CREATE SET VOLATILE TABLE t1
(
col1 INTEGER
,row_start_date DATE
,row_end_date DATE
)
PRIMARY INDEX(col1)
PARTITION BY RANGE_N(row_start_date BETWEEN DATE '2010-01-01' AND DATE '2017-12-31' EACH INTERVAL '1' DAY);

SELECT * FROM t1 WHERE DATE '2015-05-01' BETWEEN ROW_START_DATE AND ROW_END_DATE;

When I explain this query it shows that the PPI is being used.

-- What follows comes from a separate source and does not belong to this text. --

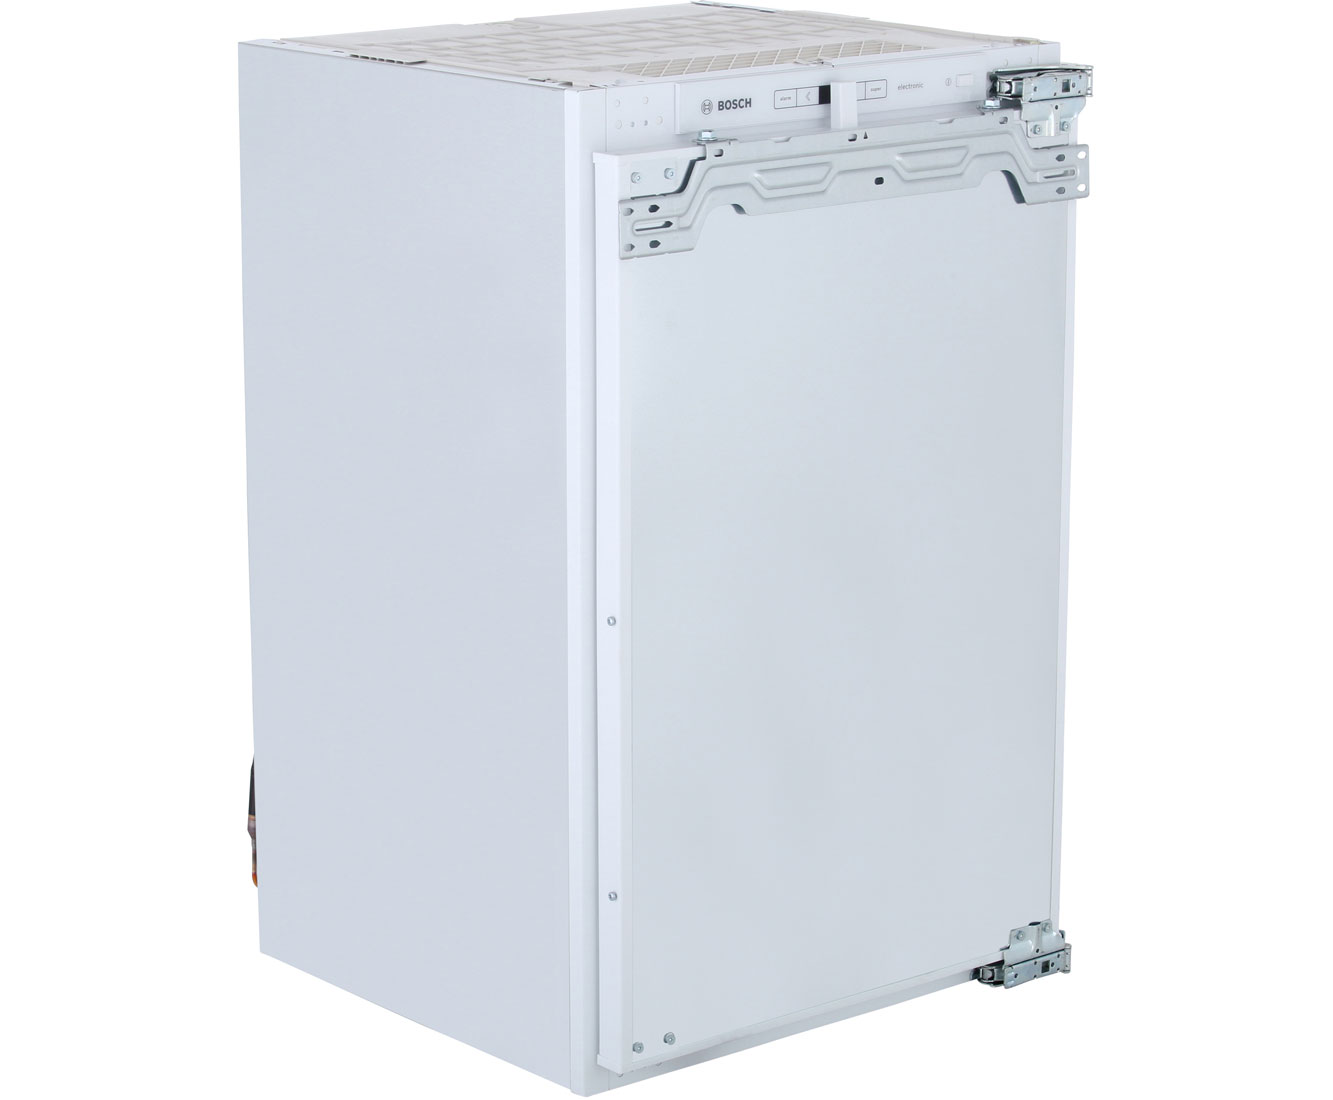 Bosch Kühlschrank Einbau Mit Festtürmontage : Bosch serie kir ad einbau kühlschrank er nische festtür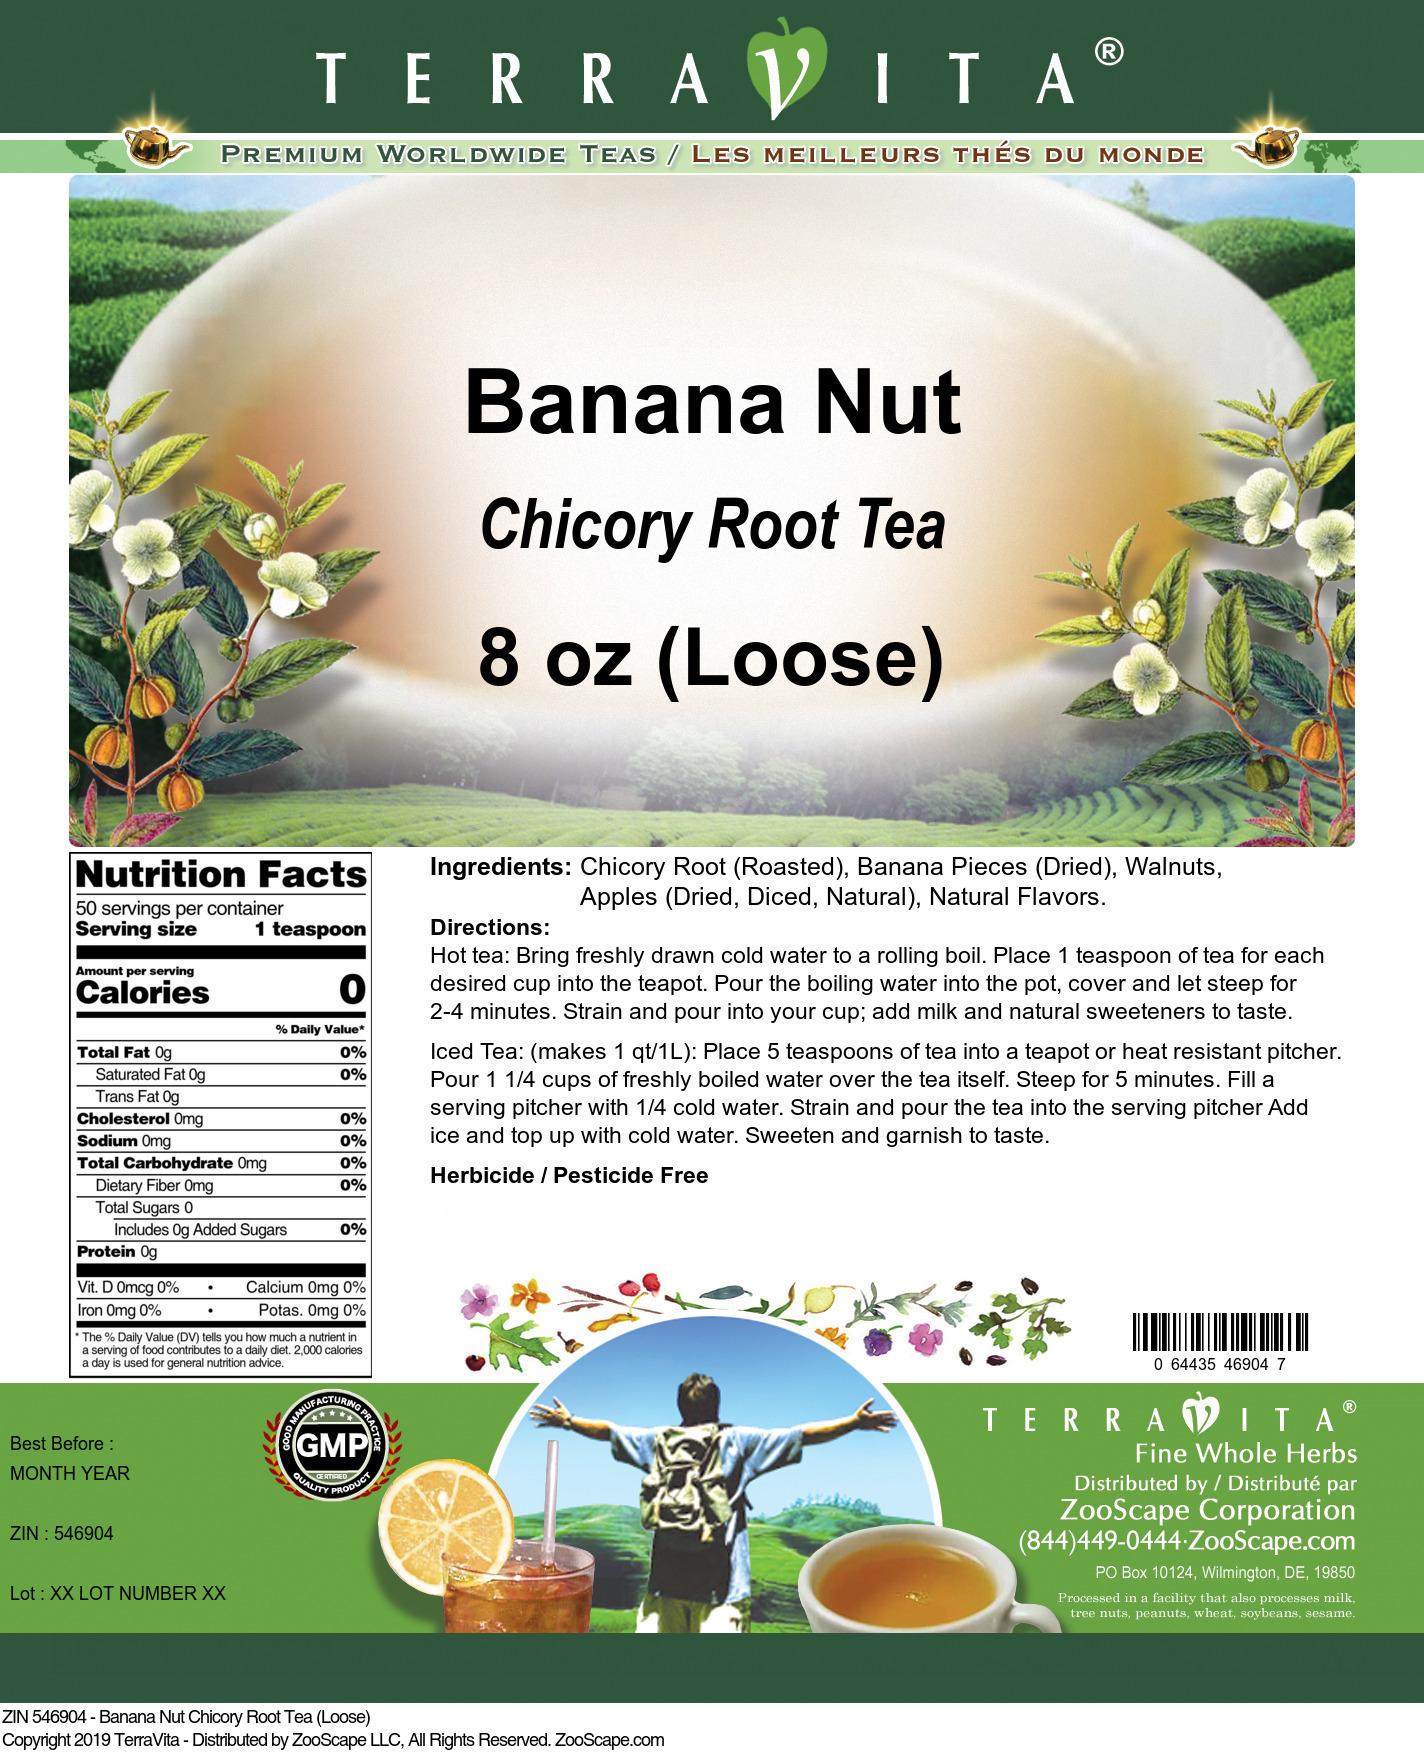 Banana Nut Chicory Root

Explain SELECT * FROM t1 WHERE DATE '2015-05-01' BETWEEN ROW_START_DATE AND ROW_END_DATE;

  1) First, we do an all-AMPs RETRIEVE step from 1947 partitions of
     STUDENT101.t1 with a condition of ("(STUDENT101.t1.row_start_date
     <= DATE '2015-05-01') AND (STUDENT101.t1.row_end_date >= DATE
     '2015-05-01')") into Spool 1 (group_amps), which is built locally
     on the AMPs.  The size of Spool 1 is estimated with no confidence
     to be 1 row (45 bytes).  The estimated time for this step is 0.04
     seconds.
  2) Finally, we send out an END TRANSACTION step to all AMPs involved
     in processing the request.
  -> The contents of Spool 1 are sent back to the user as the result of
     statement 1.  The total estimated time is 0.04 seconds.

This might help with what you want to do.

 

Cheers,

Dave

Ward Analytics Ltd - information in motion
www: http://www.ward-analytics.com
Enthusiast

Re: What's the best way to Partition for BETWEEN?

Hmmmm INTERESTING! I'll do some checking over here too on that idea. Thanks for posting it!